#### [WHAT IS REQUIRED]
Copy the complete listing word for word, but do not carry over any images.

#### [SOURCE MATERIAL]
□ □ □ □ □

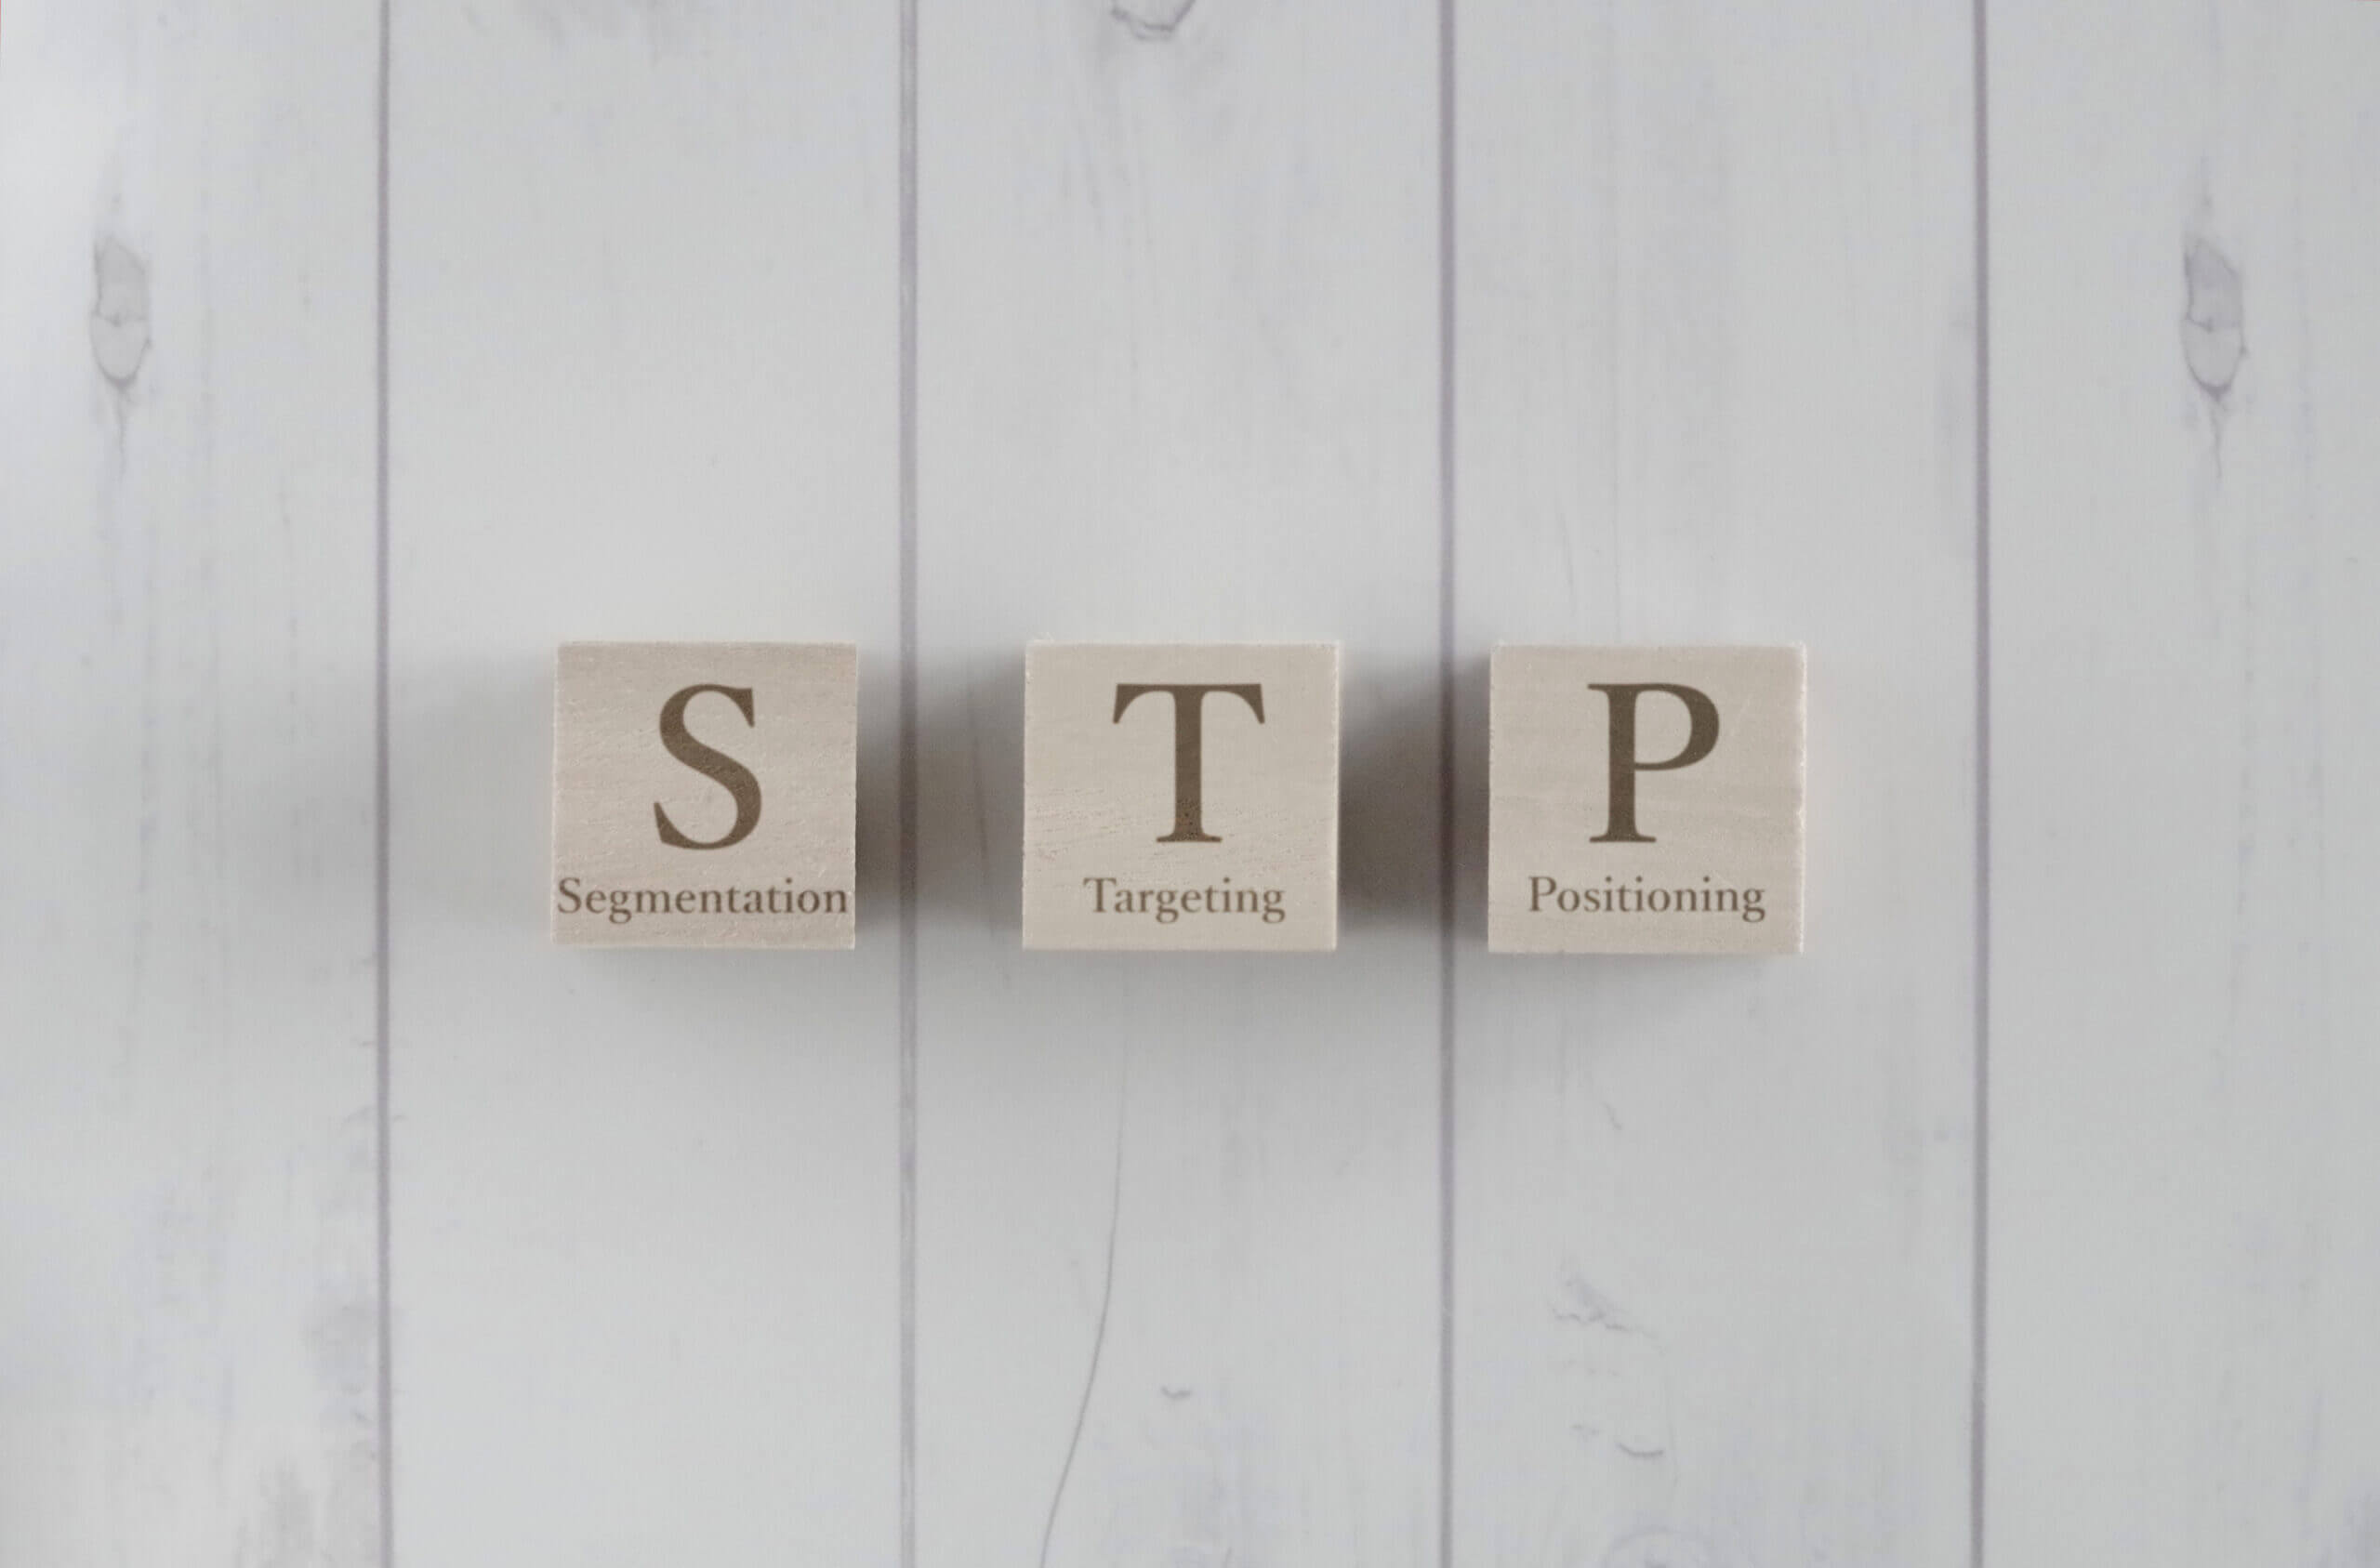 STP分析イメージ
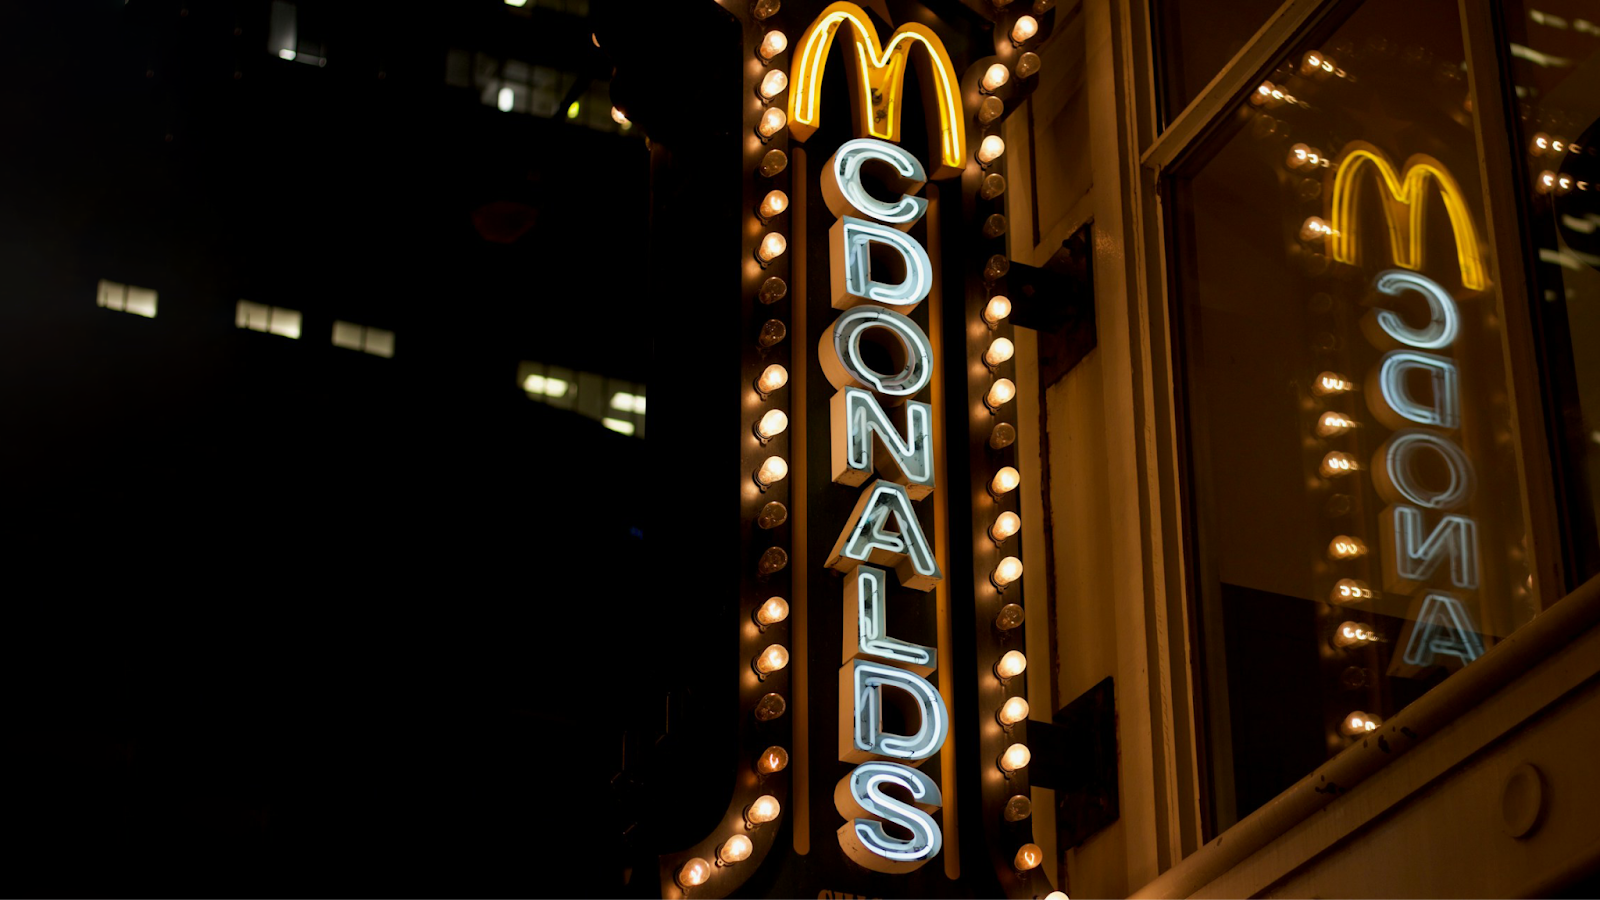 mcdonalds logo in street
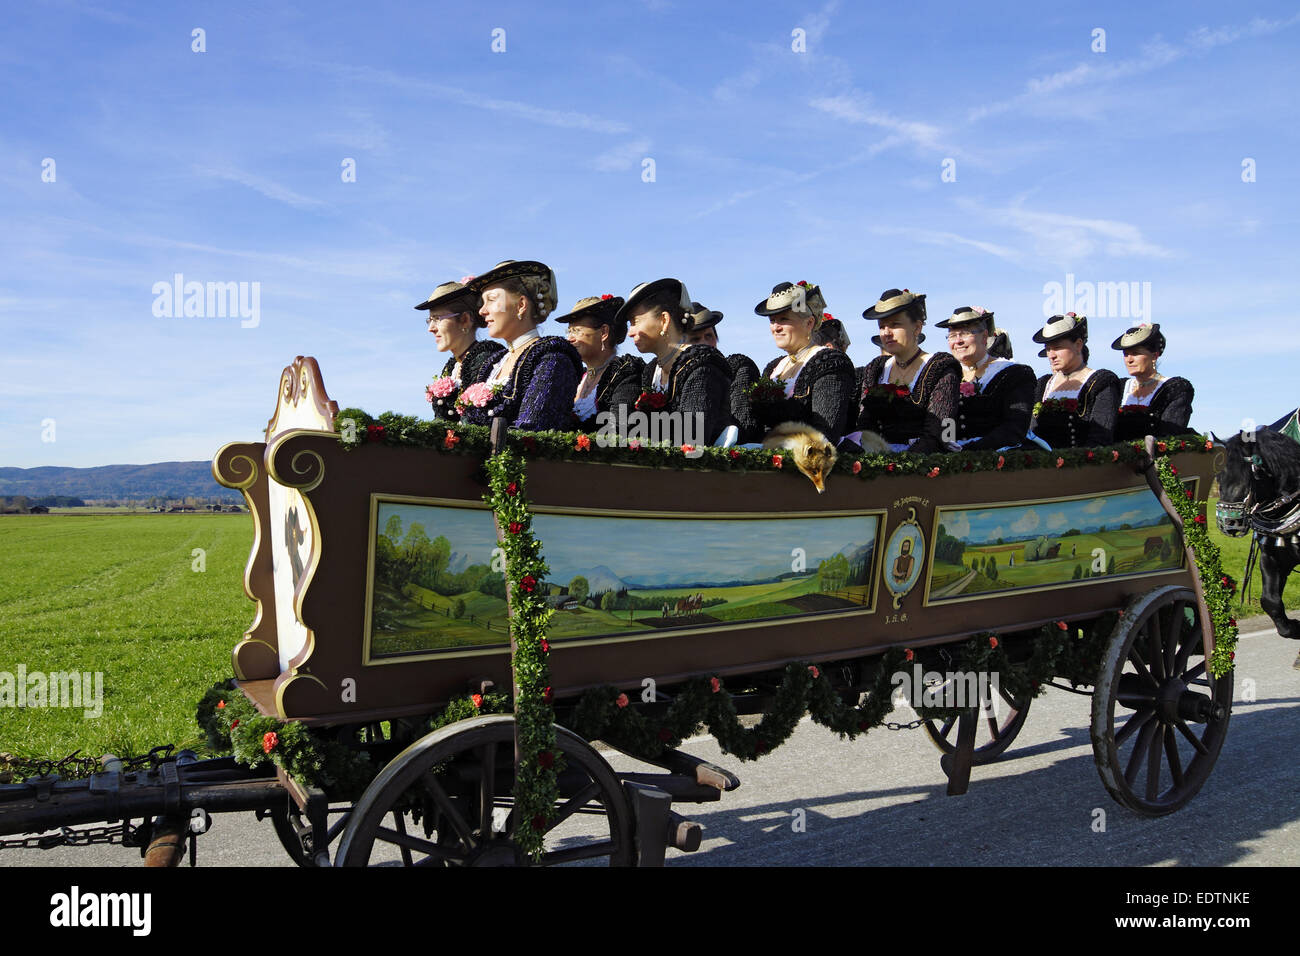 Leonhardifahrt in Benediktbeuren, Oberbayern, Deutschland,Traditional Leonhard Parade, Leonhardifahrt in Benediktbeuern, Upper B Stock Photo
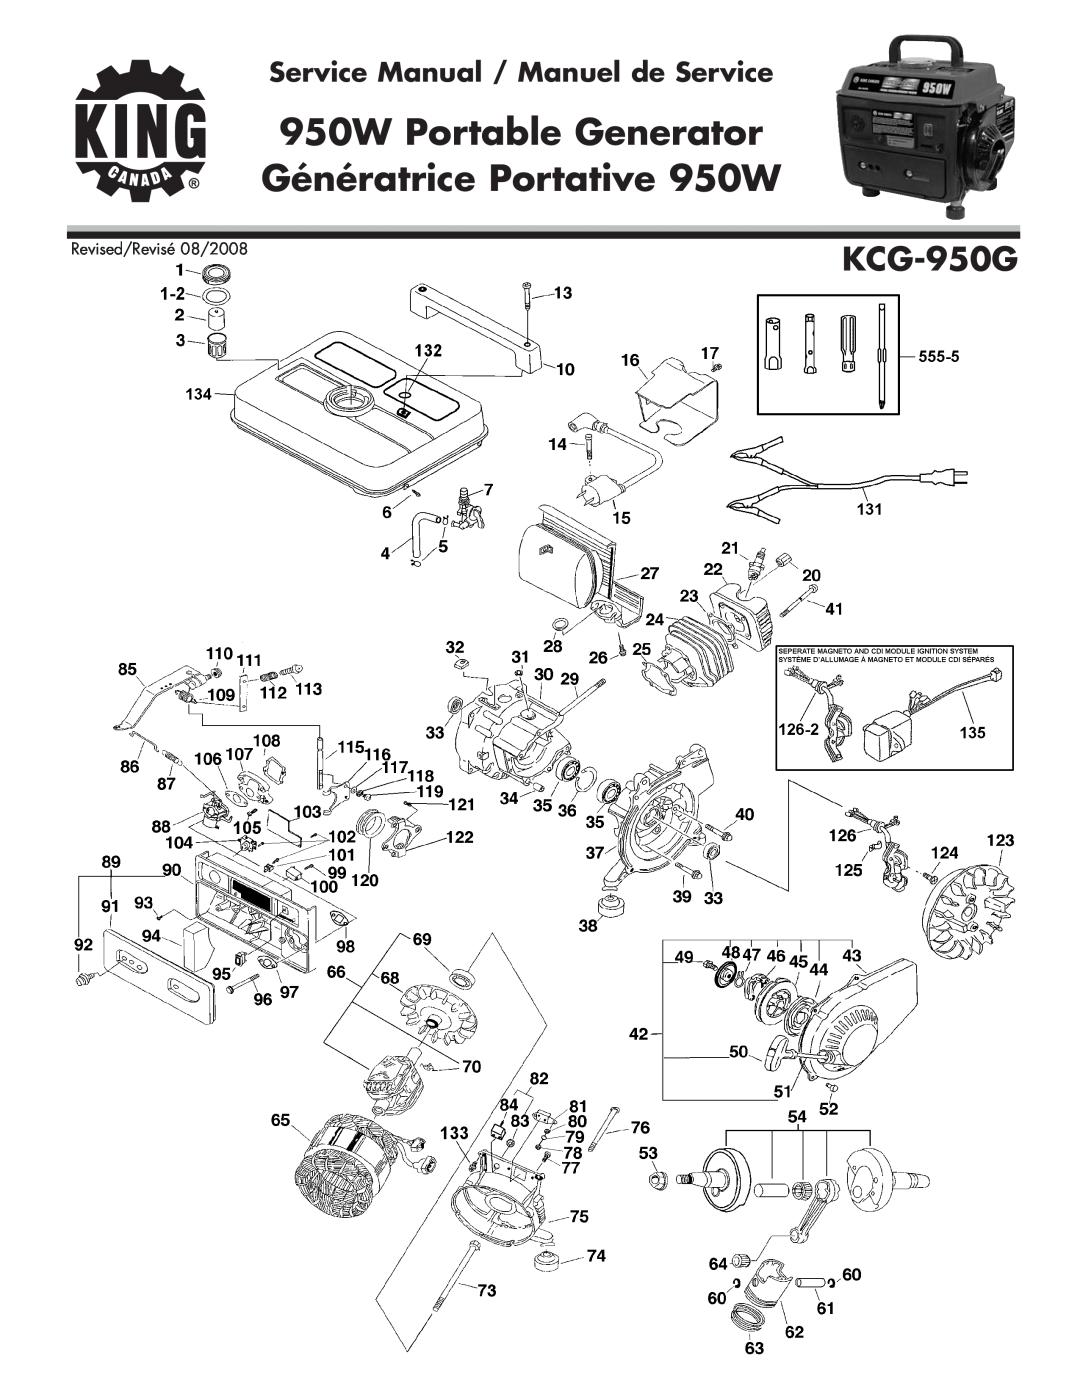 King Canada KCG-950G service manual 950W Portable Generator, Génératrice Portative 950W, Revised/Revisé 08/2008

□ □ □ □ □

#### [RESULT FOR THIS TASK]
 STP分析イメージ
 mcdonalds logo in street
 Leonhardifahrt in Benediktbeuren, Oberbayern, Deutschland,Traditional Leonhard Parade, Leonhardifahrt in Benediktbeuern, Upper B Stock Photo
 King Canada KCG-950G service manual 950W Portable Generator, Génératrice Portative 950W, Revised/Revisé 08/2008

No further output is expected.